Eventually the tears ran dry, leaving her hollow and wrung out, staring at the intricate patterns woven into the carpet beneath her cheek. They glowed faintly in the low light—more wards, probably, more magic protecting her from herself.
She forced herself to stand, legs unsteady, and made her way to the bathroom. She needed to wash her face, brush her teeth if there was a toothbrush, maybe splash some cold water on her skin and pretend she could rinse away the last few hours along with her ruined makeup.
The bathroom was obscene in its luxury. Marble floors, a tub that could fit four people, a shower with more settings than her old television had channels. She ignored all of it and went straight to the sink, turning on the tap without looking up at the mirror.
But she couldn't avoid it forever.
Sophia lifted her head slowly, bracing herself to see the wreckage of her face—mascara streaked down her cheeks, eyes puffy and red, the aftermath of crying written plainly across her features.
Instead, she found herself staring at a stranger.
No. Not a stranger. Herself. But not.
Her face was the same shape, her features arranged in the familiar pattern she'd seen every day for nineteen years. Brown eyes, straight nose, full lips, the small scar on her left eyebrow from when she'd fallen off a swing set at age seven. All there. All hers.
But something had changed.
Her skin had always been warm brown, but now it seemed to glow from within, luminous in a way that had nothing to do with the bathroom's flattering lighting. Her eyes were still brown, but the color was richer now, deeper, with flecks of gold that caught the light when she tilted her head. And her hair—
Sophia reached up with trembling fingers to touch the dark waves that fell past her shoulders. It looked thicker, shinier, each strand seeming to hold its own subtle shimmer. When she moved her head, the light caught in ways that were almost hypnotic.
She looked like herself. She looked like someone else. She looked human. She looked distinctly not.
"No," she whispered to her reflection. "No, no, no."
The woman in the mirror stared back with those too-bright eyes, and Sophia saw what Eddie would see when he next looked at her. What everyone would see. The change was subtle—she could probably pass for human if no one looked too closely, if she stayed in dim lighting, if she never met anyone's gaze directly. But anyone who knew her, really knew her, would notice immediately that something was different.
She pressed her palms against the cool marble of the sink and leaned closer to the mirror, examining every centimeter of her face. The changes were small individually but devastating collectively. Her bone structure seemed more defined, cheekbones slightly more pronounced. Her lips were fuller, the color more vivid. Even her eyelashes looked longer, darker, framing those impossible golden-flecked eyes.
She was beautiful. That was the horrible truth of it. Whatever her awakening had done, it had enhanced her, refined her, turned her into some idealized version of herself that probably matched what a destined empress was supposed to look like. Something closer to the goddess she spent her life changing time with.
"Well Damn." She said out loud, whilst looking at herself in the mirror.
She wanted to claw it off. Wanted to scrub at her skin until the glow faded, wanted to dye her hair back to its normal shade, wanted to gouge out those traitorous eyes that refused to be just plain hazel-ish brown anymore.
"I can't go back," she said to her reflection, her voice breaking. "I can't see Eddie looking like this. I can't see anyone. They'll know. One look and they'll know something's wrong with me."
The woman in the mirror opened her mouth, but no comfort came out. Because there was no comfort to give. Sophia was marked now, changed irrevocably by magic she hadn't asked for and couldn't control.

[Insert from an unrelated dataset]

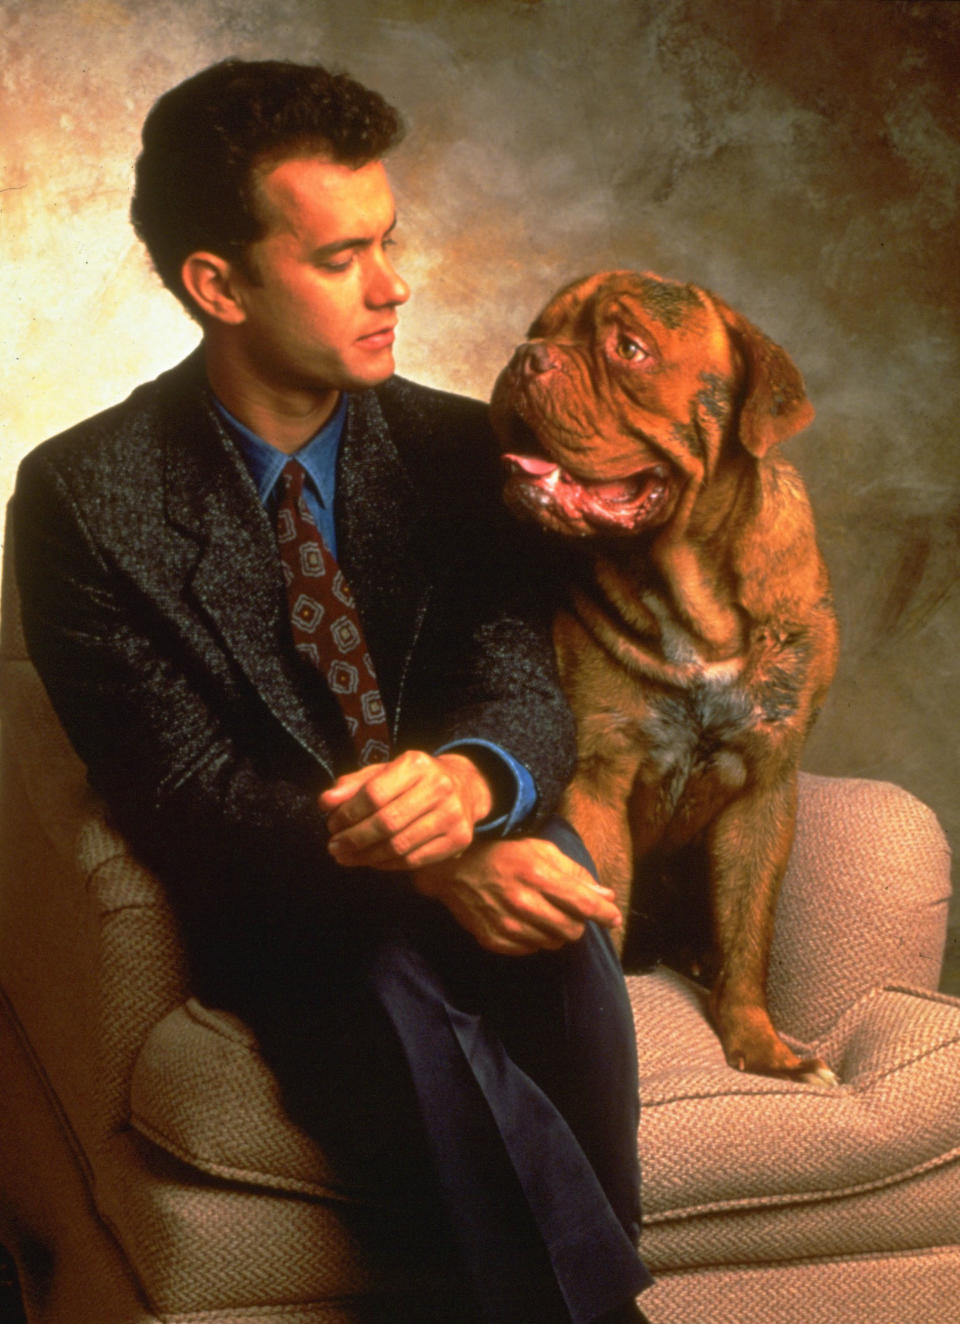 Turner and Hooch - 1989

Tom Hanks

The awakening had rewritten her on a cellular level, and there was no going back.
She gripped the edge of the sink hard enough that her knuckles went white. The marble cracked.
Sophia jerked her hands back, staring in horror at the spiderweb fractures spreading from where her fingers had been. She'd barely squeezed. Hadn't even been trying to break anything. Just gripped the counter the way any normal person would when trying to steady themselves, and the solid stone had crumbled like chalk.
"Perfect," she said bitterly. "Can't even touch things now without destroying them."
The power regulator orb in the bedroom pulsed brighter for a moment, responding to her surge of emotion. Drawing off the excess energy before it could build into something dangerous. At least that was working.